The Report fully complies with the requirements of Section 13(a) or 15(d) of the Securities Exchange Act of 1934; and



2.

The information contained in the Report fairly presents, in all material respects, the financial condition and results of operations of the Company.

 



 



 /s/ Douglas L. Martin

Name:

Douglas L. Martin

Title:

Chief Financial Officer

Date:

February 7, 2019



This certification accompanies the Report pursuant to Section 906 of the Sarbanes-Oxley Act of 2002 and shall not be deemed filed by the Company for purposes of Section 18 of the Securities Exchange Act of 1934, as amended, or otherwise subject to liability under that section. This certification shall not be deemed incorporated by reference in any filing under the Securities Act or Exchange Act, except to the extent that the Company specifically incorporates it by reference.

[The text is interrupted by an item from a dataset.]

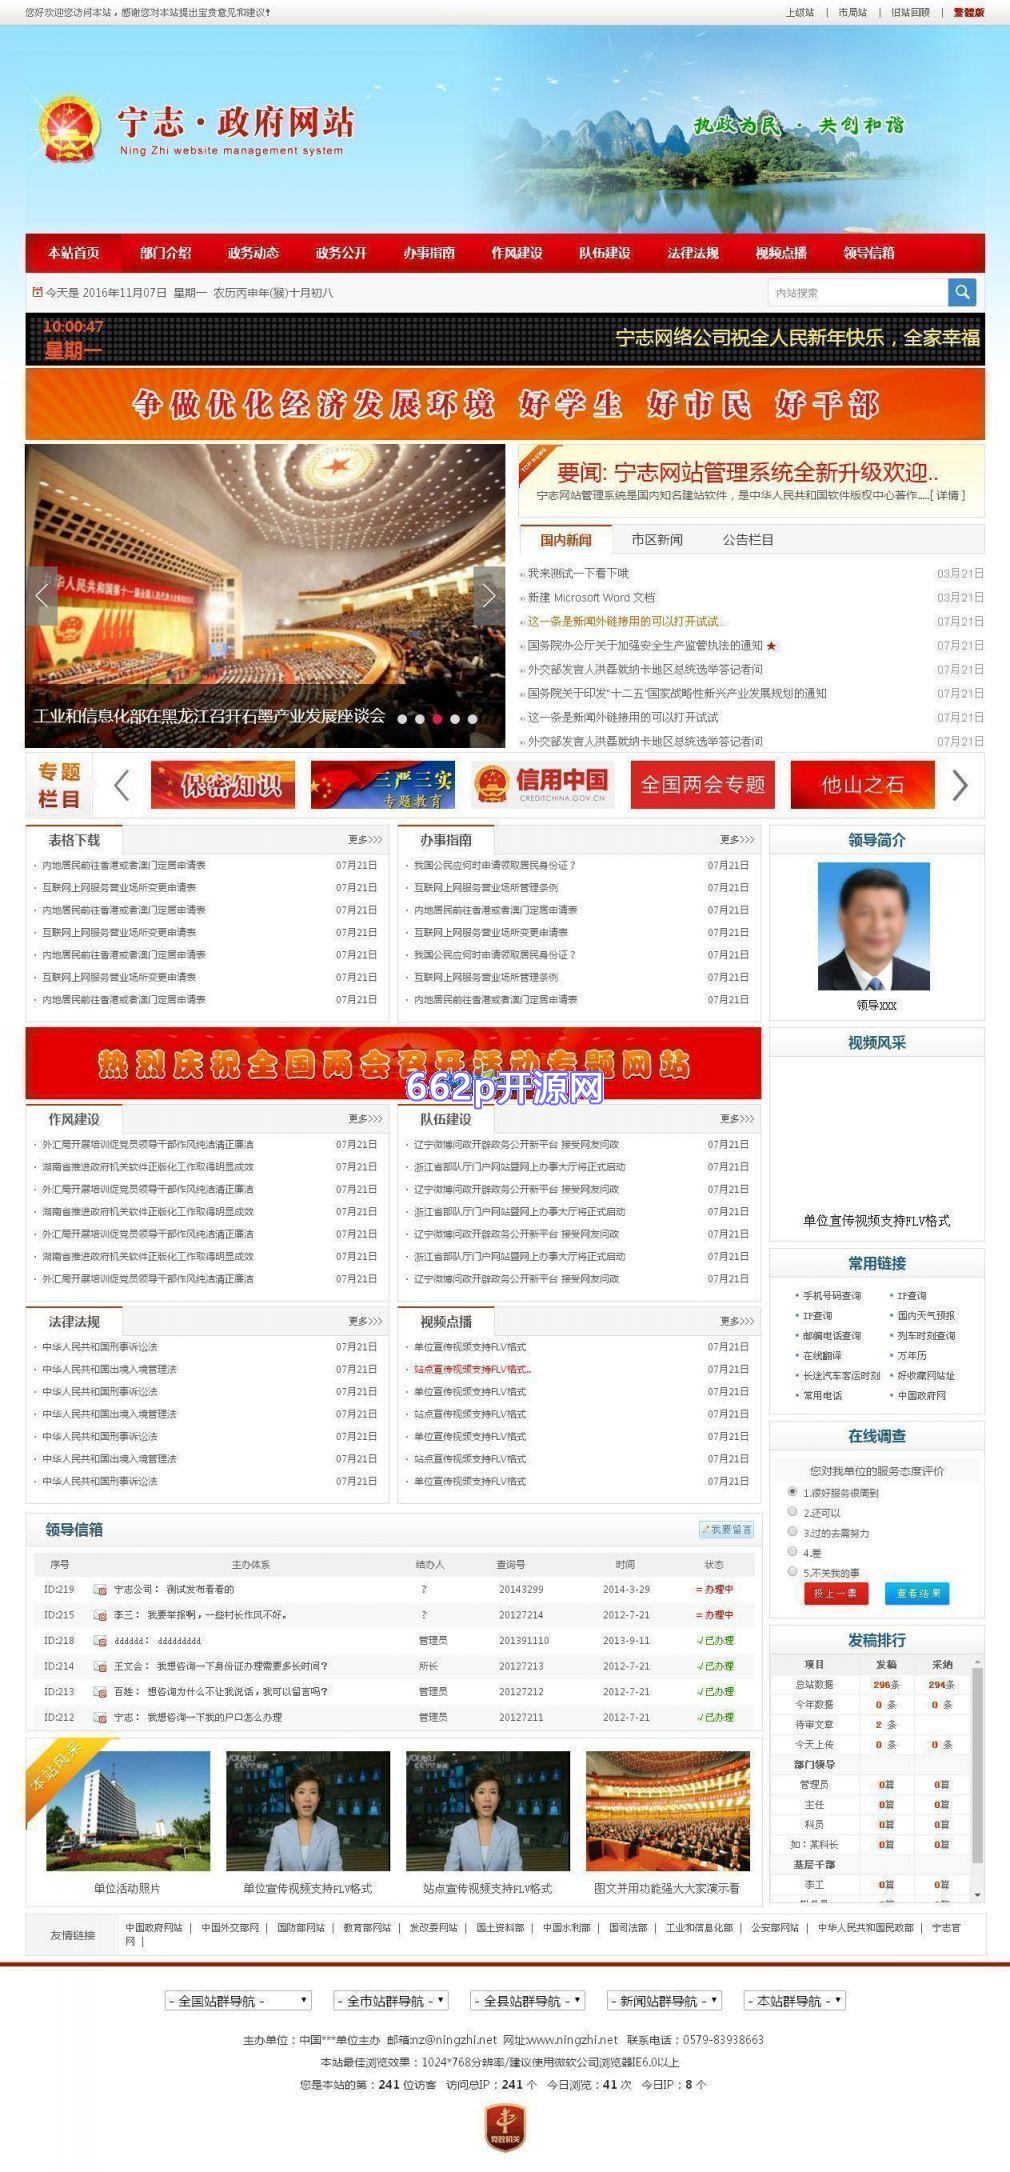 红色政府机关门户网站新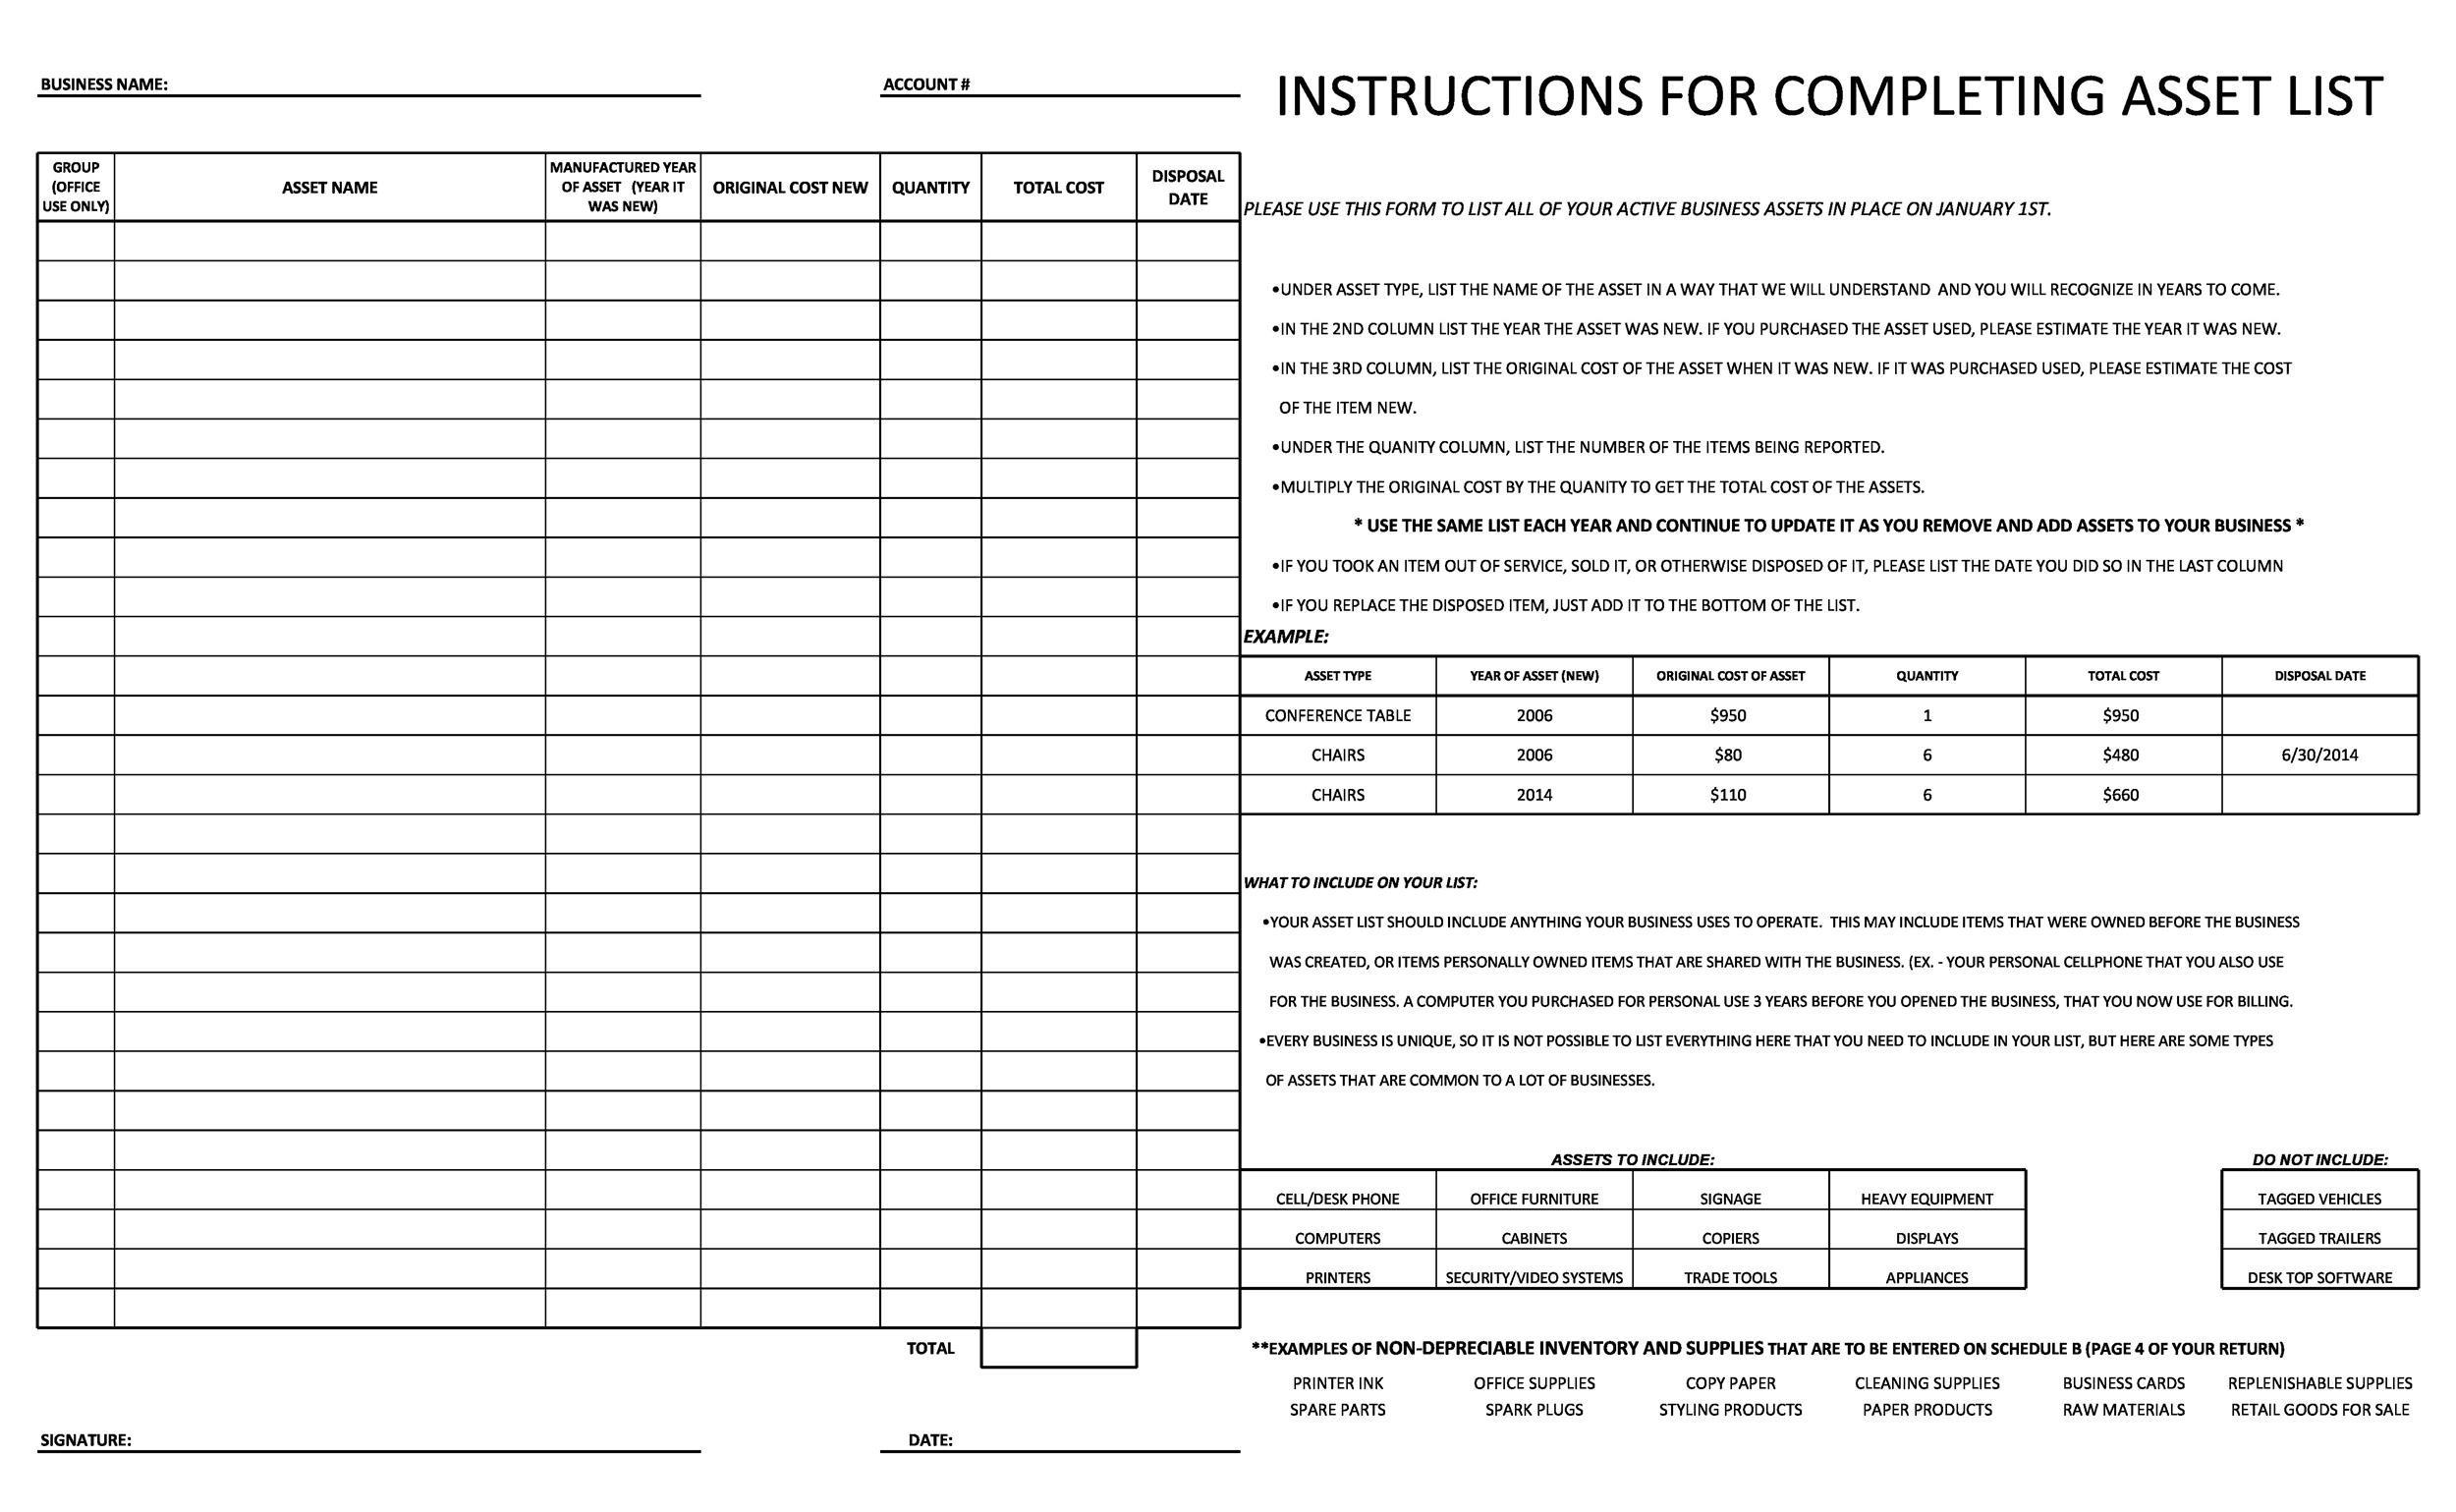 Free asset list template 14

A signed original of this written statement required by Section 906, or other document authenticating, acknowledging, or otherwise adopting the signature that appears in typed form within the electronic version of this written statement required by Section 906, has been provided to the Company and will be retained by the Company and furnished to the Securities and Exchange Commission or its staff upon request.